Exact copy, no pictures: return only the lines below from the line with "Stine Geisler – mordet uden ende" up to and including the line with "Egipto - líneas".

▶ Supplied data:
-- Opening Marker --
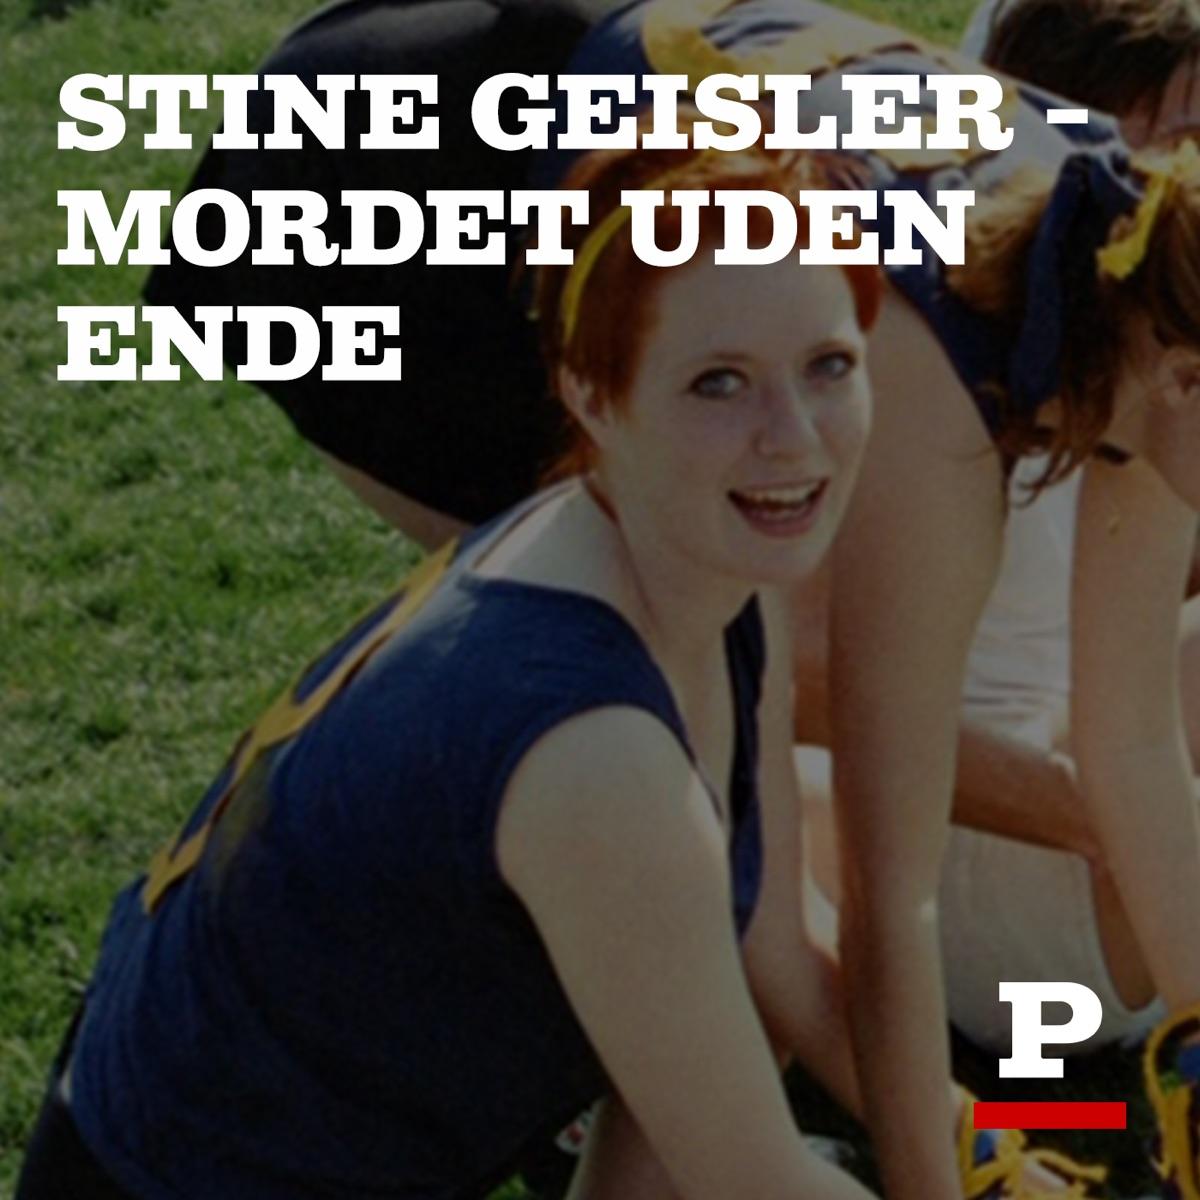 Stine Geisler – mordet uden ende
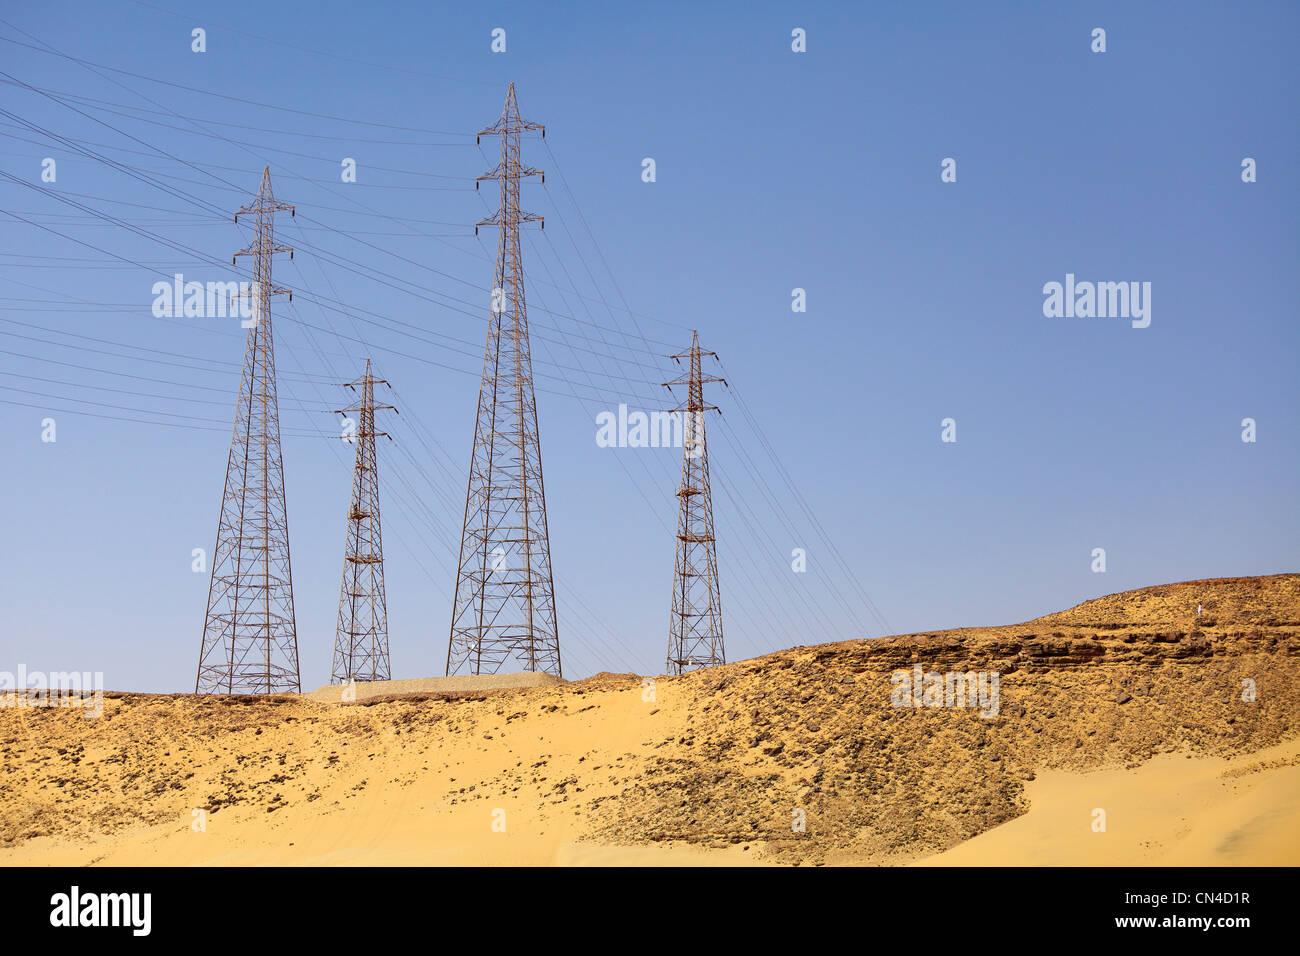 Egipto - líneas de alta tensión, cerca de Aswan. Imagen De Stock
-- Closing Marker --
-- Opening Marker --
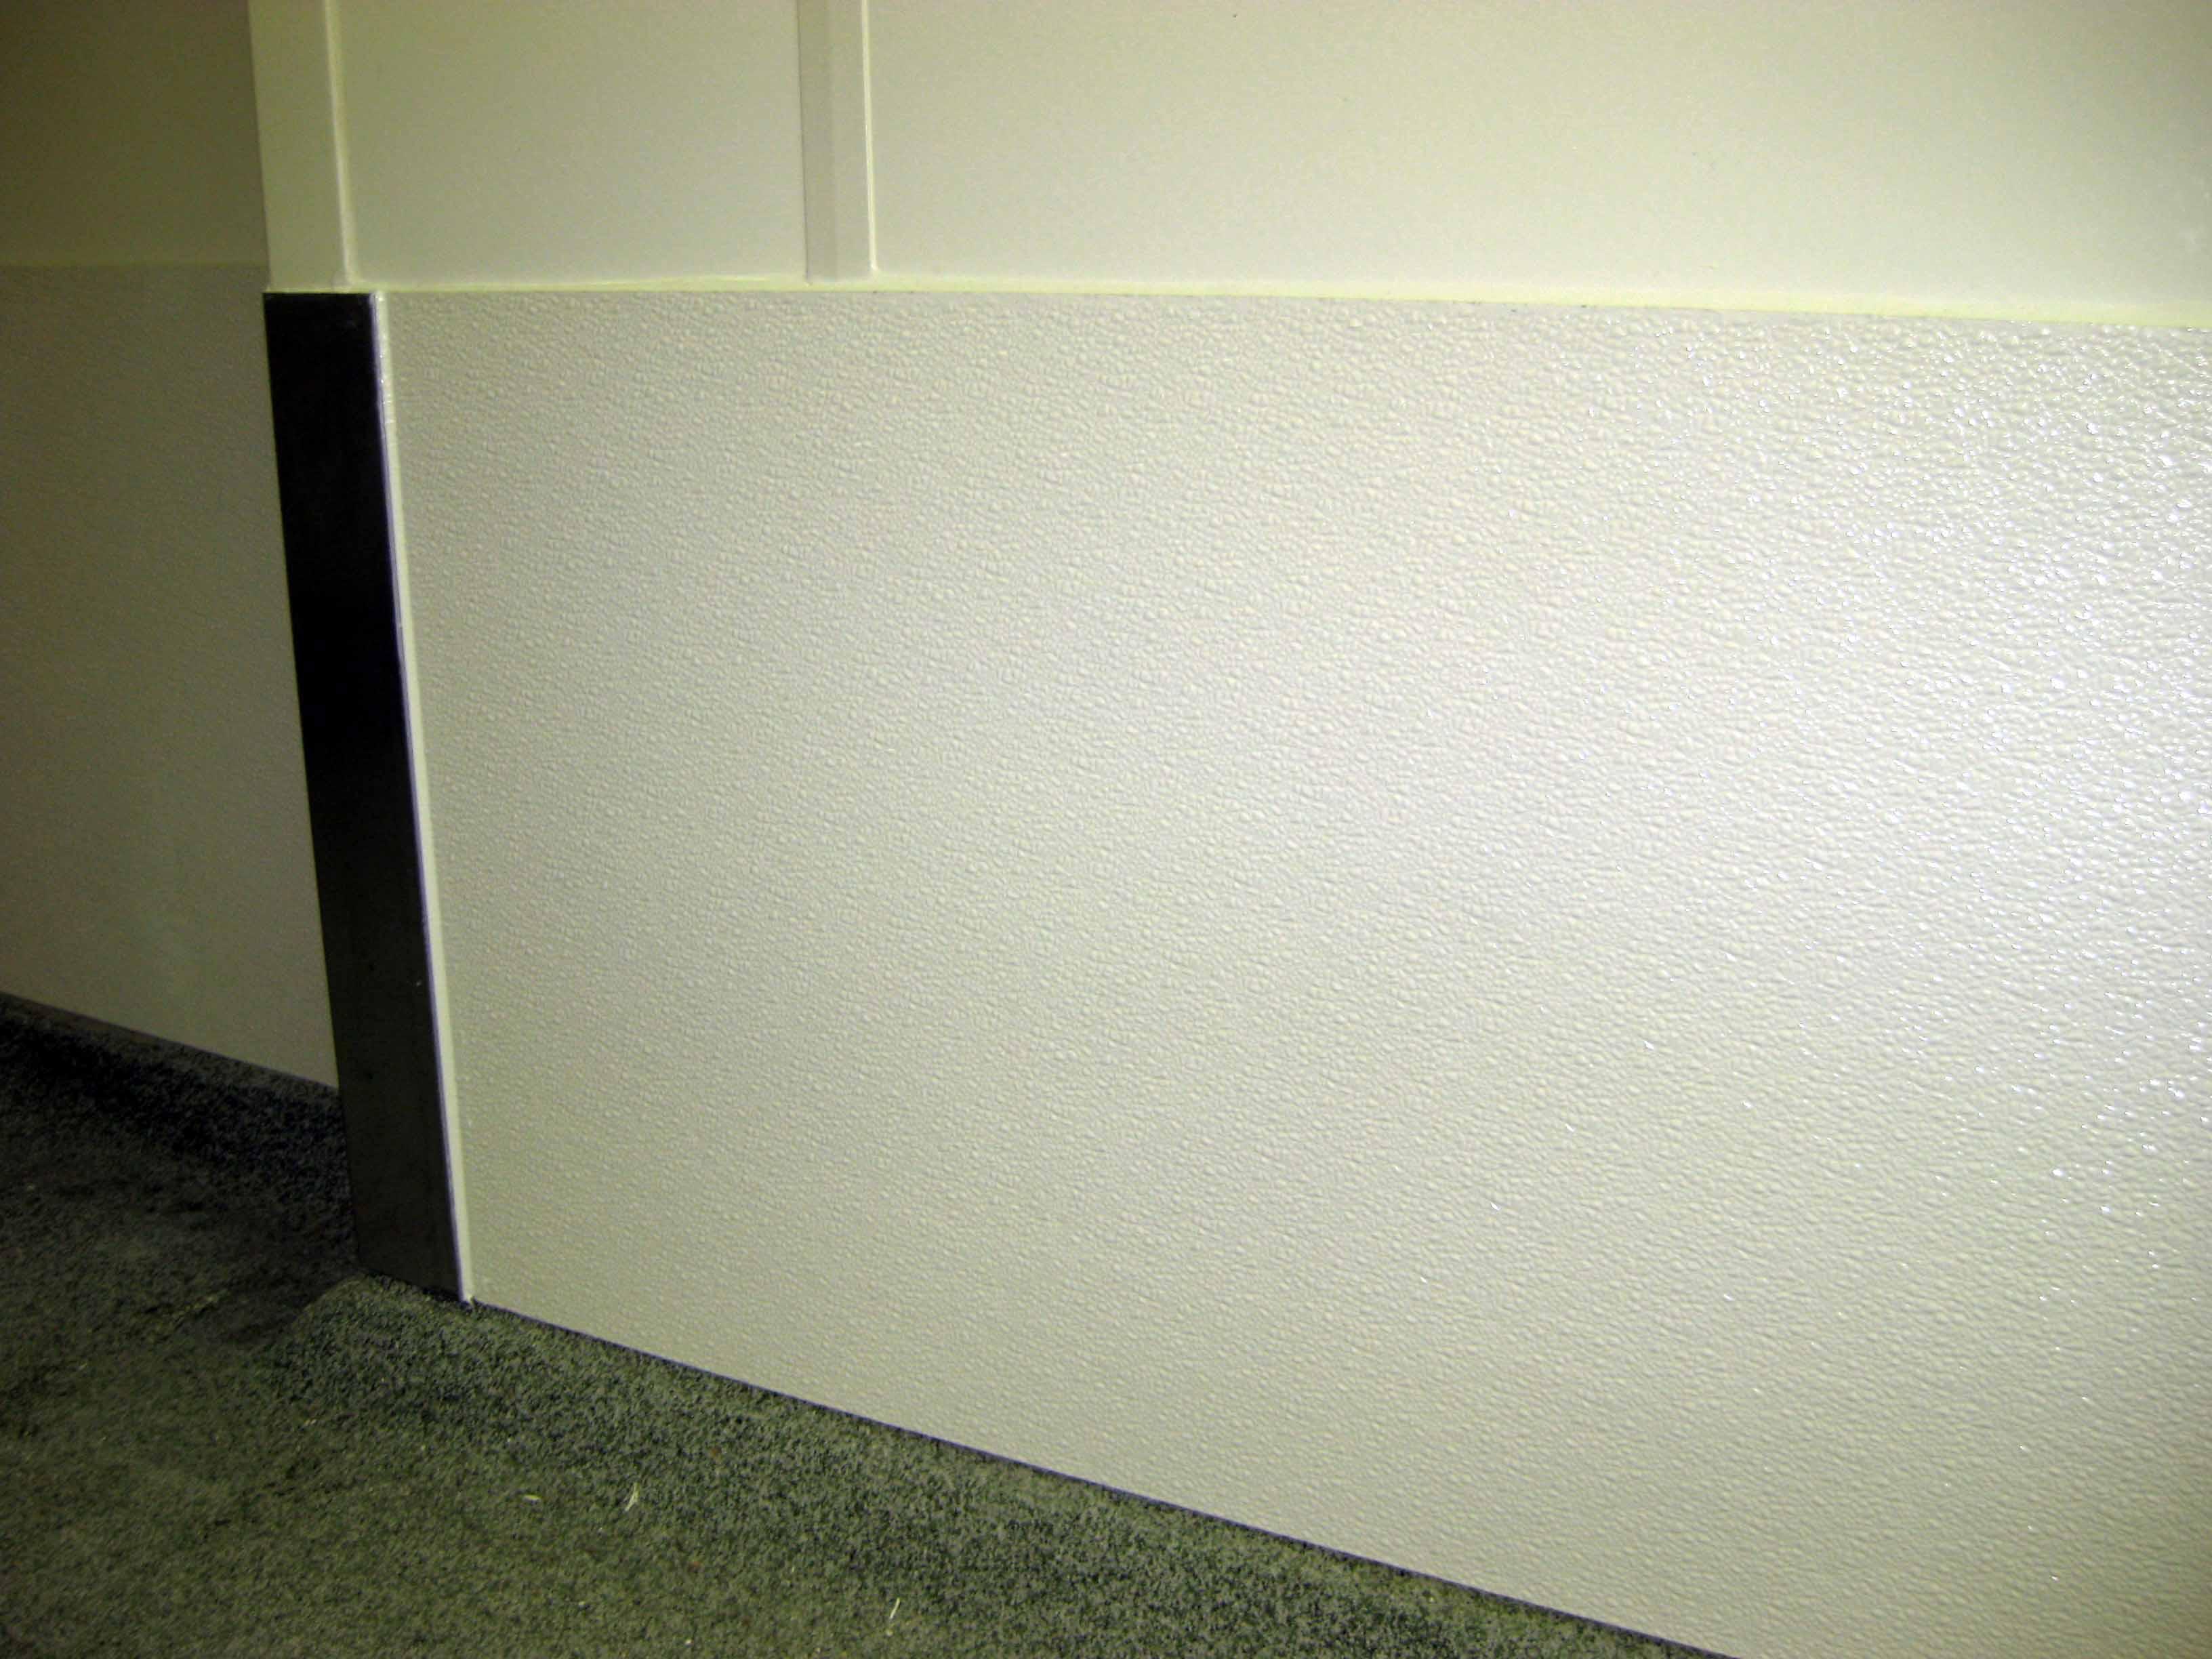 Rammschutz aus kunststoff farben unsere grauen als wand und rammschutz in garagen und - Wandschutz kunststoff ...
-- Closing Marker --
▶ Written response:
 Stine Geisler – mordet uden ende
 Egipto - líneas de alta tensión, cerca de Aswan. Imagen De Stock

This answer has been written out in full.